The zero-beta MHD FR (bottom panels of Fig. 2) has a relatively similar appearance to the TMFM FR overall; it is coherent and features similar structures, with the blueish field lines again wrapping around the reddish-beige ones. The most notable differences are the tube radius, height evolution, and the amount of twist, particularly of the blueish field lines. In the later stages, the MHD FR appears significantly thinner, which applies to both bluish and reddish-beige structures.
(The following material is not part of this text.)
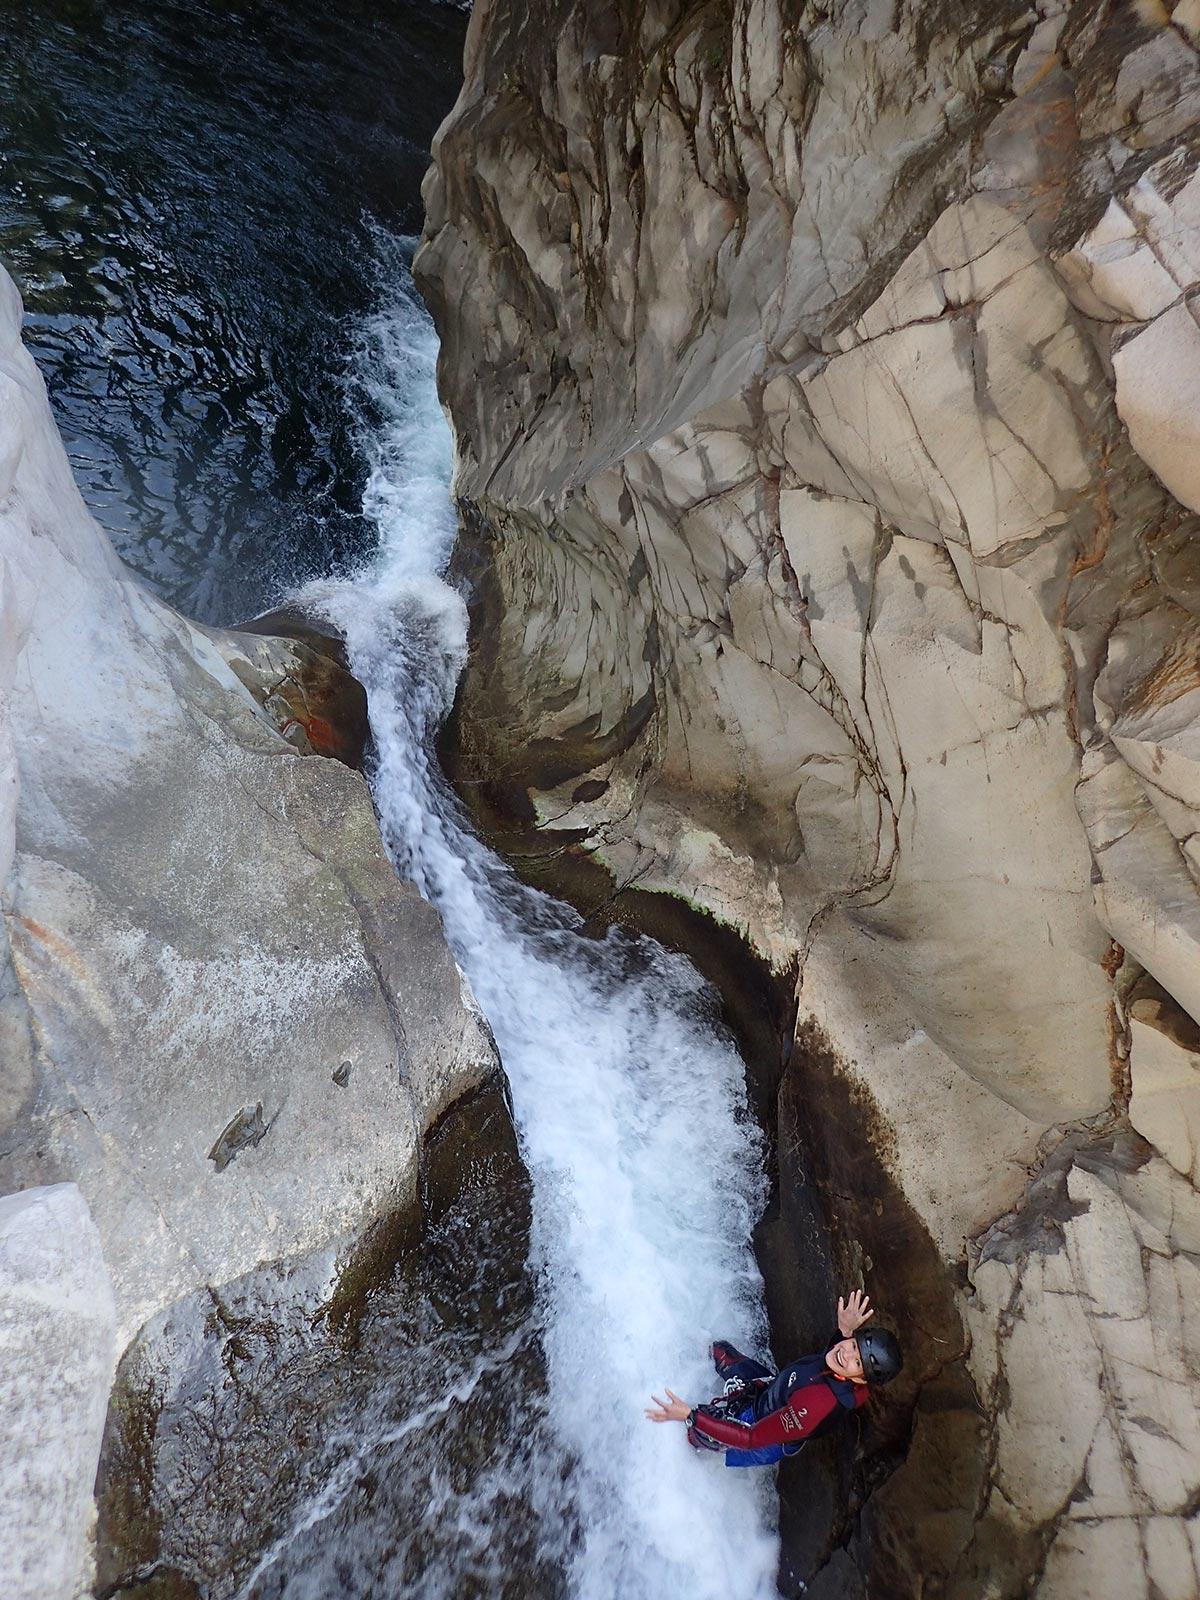 le canyon en grande ampleur. ici à la Réunion

After initialisation of the zero-beta MHD simulation, it takes some time for the FR to begin rising. The FR then rises at a steady rate –but slower than in the TMFM simulation– in our normalised time units. When the point is reached where boundary effects are expected to start to affect the evolution, the rate of rise decreases (see Fig. 3). In contrast to the TMFM simulation, the apex of the FR does not reach the top of the simulation box but approaches it slowly. The slower rise and deceleration of the rise at the end of the simulation for the MHD FR may be due to the FR approaching and interacting with the upper domain boundary (for more details, see the Discussion in Sect. 5). Therefore, we exclude both the initial and end phases of the FR evolution from the subsequent analysis for the zero-beta MHD results based on a velocity threshold (see vertical lines in Fig. 3).
4.2. Footpoint analysis
The derived footpoint movement is detailed in Fig. 4 following the methodology introduced in Sect. 3.3. The plots show the distances of both positive and negative polarity footpoints and features from their respective centroid as a function of time.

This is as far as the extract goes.